(v. t.) To supply with anything necessary, useful, or appropriate; to provide; to equip; to fit out, or fit up; to adorn; as, to furnish a family with provisions; to furnish one with arms for defense; to furnish a Cable; to furnish the mind with ideas; to furnish one with knowledge or principles; to furnish an expedition or enterprise, a room or a house.
(v. t.) To offer for use; to provide (something); to give (something); to afford; as, to furnish food to the hungry: to furnish arms for defense.
(n.) That which is furnished as a specimen; a sample; a supply.
Example Sentences:
(1) This article reviews the evidence (a) that finger-loop domains have been highly conserved during evolution, (b) that they furnish one of the fundamental mechanisms for regulating gene expression, and (c) that a metal ion (e.g., Zn++) is required for binding of finger-loops to DNA and for their biological functions.
(2) Even before she gets to the Timeless premiere, the Mail Online has run two news stories on her that day: the first detailing what she was wearing in the morning, the second furnishing a grateful world with the news that she'd subsequently changed her outfit and taken her sunglasses off.
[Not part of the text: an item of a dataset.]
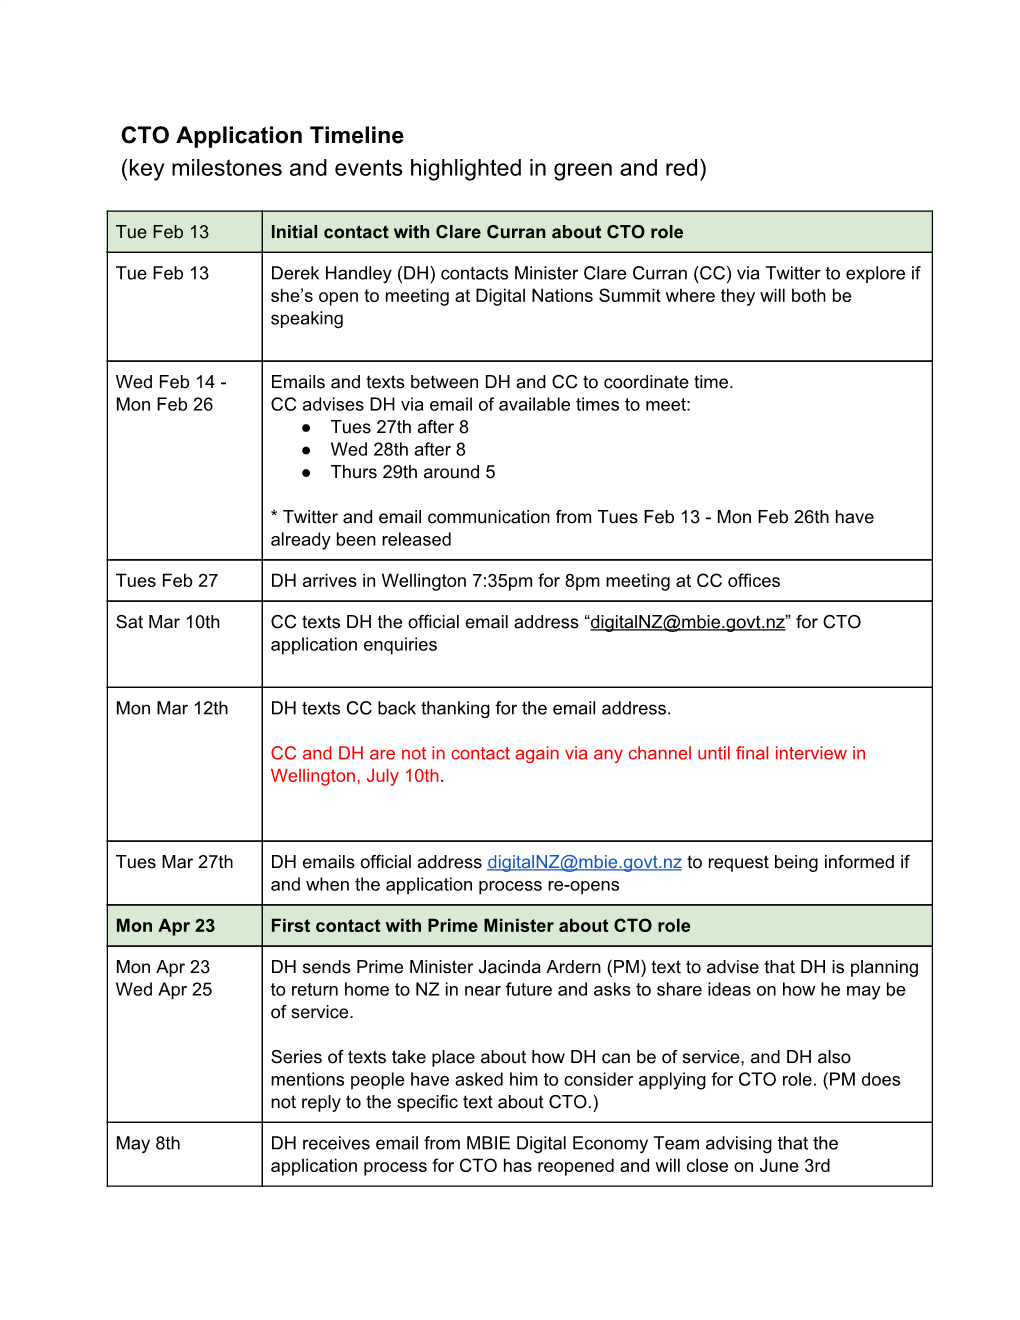 CTO Application Timeline (Key Milestones and Events Highlighted in Green and Red)

(3) My immediate suspicion is that the pupil is taking the same course as the master, though I accept it is a large thesis to hang on beige furnishings.
(4) Acoustical holography has the potential for providing complementary diagnostic information which, after further technical developments, may furnish clinically useful information.
(5) These data furnish further evidence of the local action of antidiabetic biguanides on the intestinal wall, including its hormonal activity.
(6) This allows the computer to furnish with the help of an algorithm the percentage of nystagmus suppressed by ocular fixation.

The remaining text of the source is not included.